Ließe sich KI also nach dem jetzigen Stand besser dazu verwenden, Literatur, die nach einem festen Schema funktioniert – wie etwa Drehbücher –, zu schreiben als kreativere Formen wie Lyrik?

Technisch gesehen ist es einfacher, Gedichte zu generieren, da ChatGPT besser mit kurzen Formen umzugehen weiß als mit großen und kausal strukturierten narrativen Bögen. Interessanterweise lässt sich das ältere GPT2-Modell über eine API bedienen, in der ein sogenannter ‚Temperaturregler‘ verfügbar ist, den man dort noch selbst verstellen kann: Niedrigere Temperaturen führen dazu, dass die KI immer das statistisch nächstliegende Wort benutzt. Bei höheren Temperaturen kommen hingegen unwahrscheinlichere und damit in der Regel unsinnigere, aber zugleich auch potenziell originellere Kombinationen zustande. Ich denke aber, und die Autor*innen in Hollywood befürchten es ebenfalls, dass Drehbücher mit hoher Wahrscheinlichkeit bald von KI verfasst werden könnten.
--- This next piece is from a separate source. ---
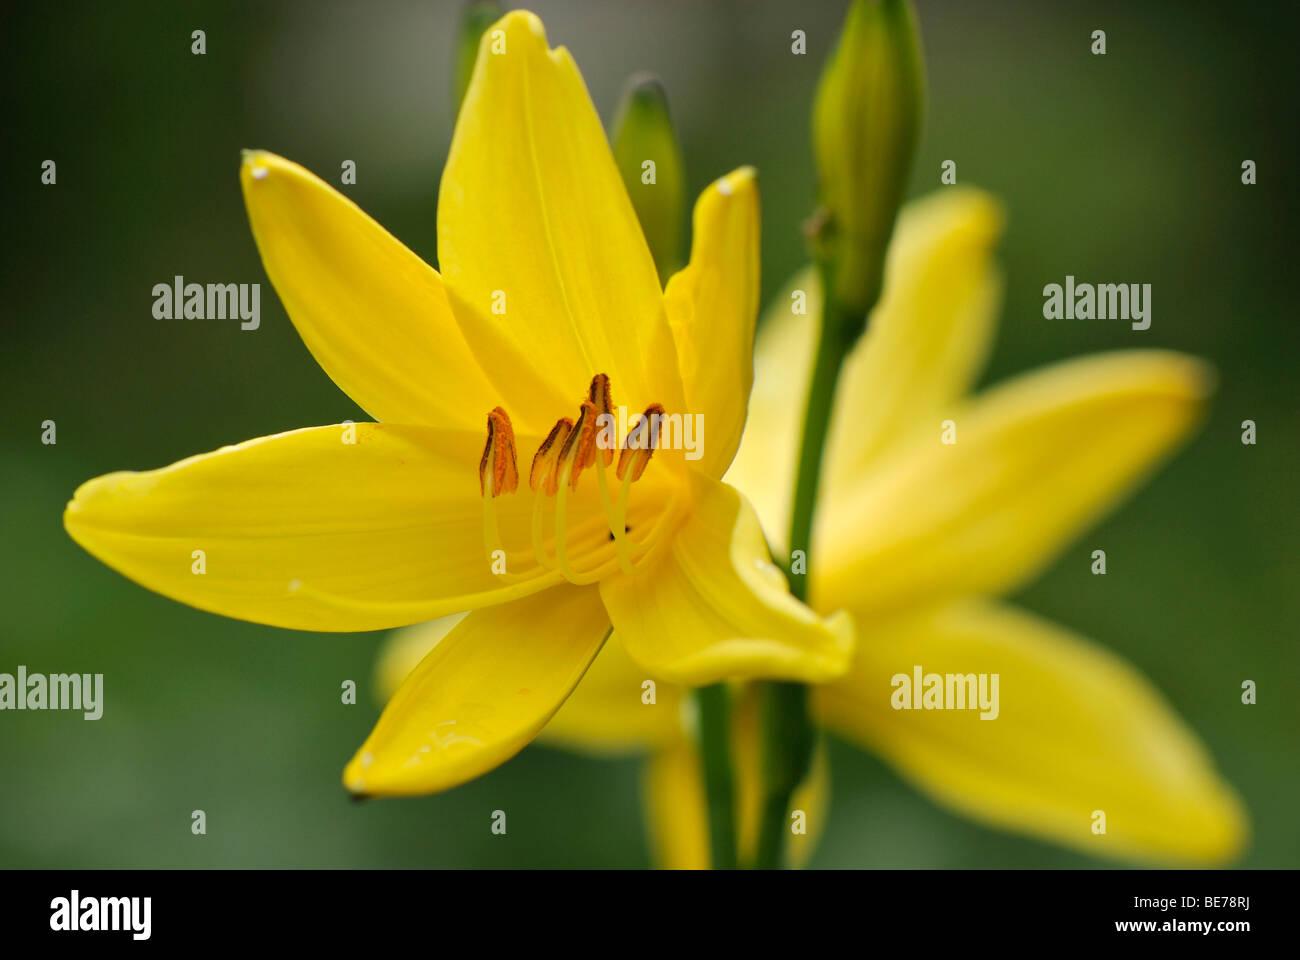 Día amarillo lirios (Hemerocallis), Fischbachau, Alta Baviera, Alemania, Europa Foto de stock

Sollte es nun bald möglich sein, sich regalmeterweise genau die Bücher generieren zu lassen, die man gerne lesen möchte, geht dann nicht der Aspekt von Literatur verloren, dass man auch mal überrascht wird, einem etwas zugemutet wird?
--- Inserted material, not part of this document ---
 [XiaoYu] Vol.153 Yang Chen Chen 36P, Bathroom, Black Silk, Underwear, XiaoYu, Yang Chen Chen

Es gibt seit mehr als 100 Jahren den Heftroman, das am meisten gedruckte und gelesene Medien- und Buchformat auf dem deutschen Markt, und der macht genau das; Liebesromane und auch Krimis sind immer genau die gleiche Geschichte, nur jedes Mal anders erzählt. Die KI könnte, wenn man etwas dystopisch spekulieren möchte, diese Marktlogik zuspitzen und dazu beitragen, dass Menschen mit sozusagen ‚personalisierten‘ Texten innerhalb ihres Erwartungs- und Geschmackshorizonts versorgt werden. Falls so ein Szenario eintritt, hätten wir es aber mit einem allgemeineren kulturellen Problem zu tun, in dem die Sprachmodelle lediglich ein Baustein, aber nicht der Kern des Problems wären.
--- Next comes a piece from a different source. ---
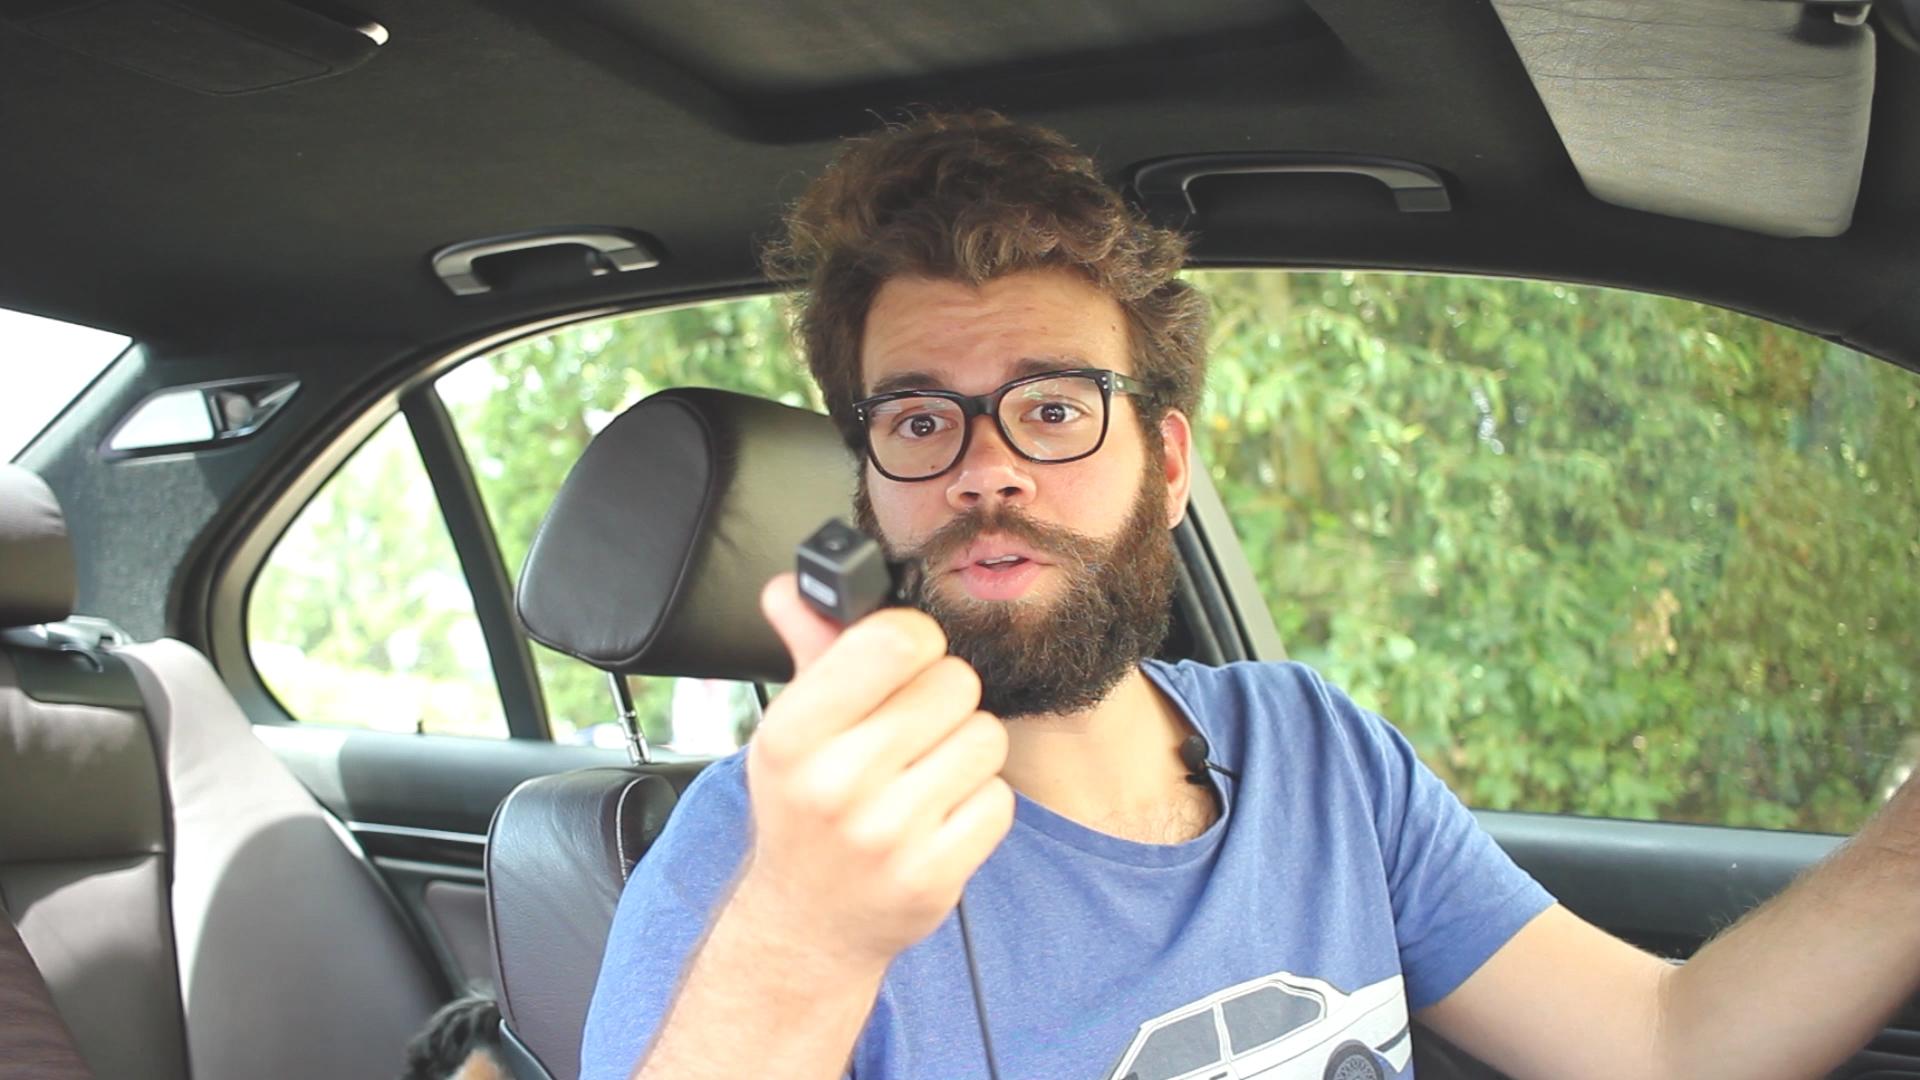 MÖmus BMW E39 Android Navigation Install Back Up Camera Mugshot.jpg

Worauf sind Sie gespannt, was die Zukunft textgenerierender KI betrifft?

Es wäre interessant, zu sehen, ob wir nicht eine bessere Anwendung für diese Sprachmodelle finden können. Wir denken immer, wir müssen sie verwenden, um Texte zu generieren oder Wissen zu extrahieren. Die zweite Anwendung ist sicher falsch und die erste vielleicht nicht die beste. Vielleicht können die Modelle uns durch ein konsequenteres Training auf historische Semantiken oder gruppenspezifische Sprachpraktiken helfen, z. B. etwas darüber herauszufinden, wie Sprache in geschichtlichen oder sozialen Kontexten funktioniert. Ich glaube, da steckt noch Musik drin.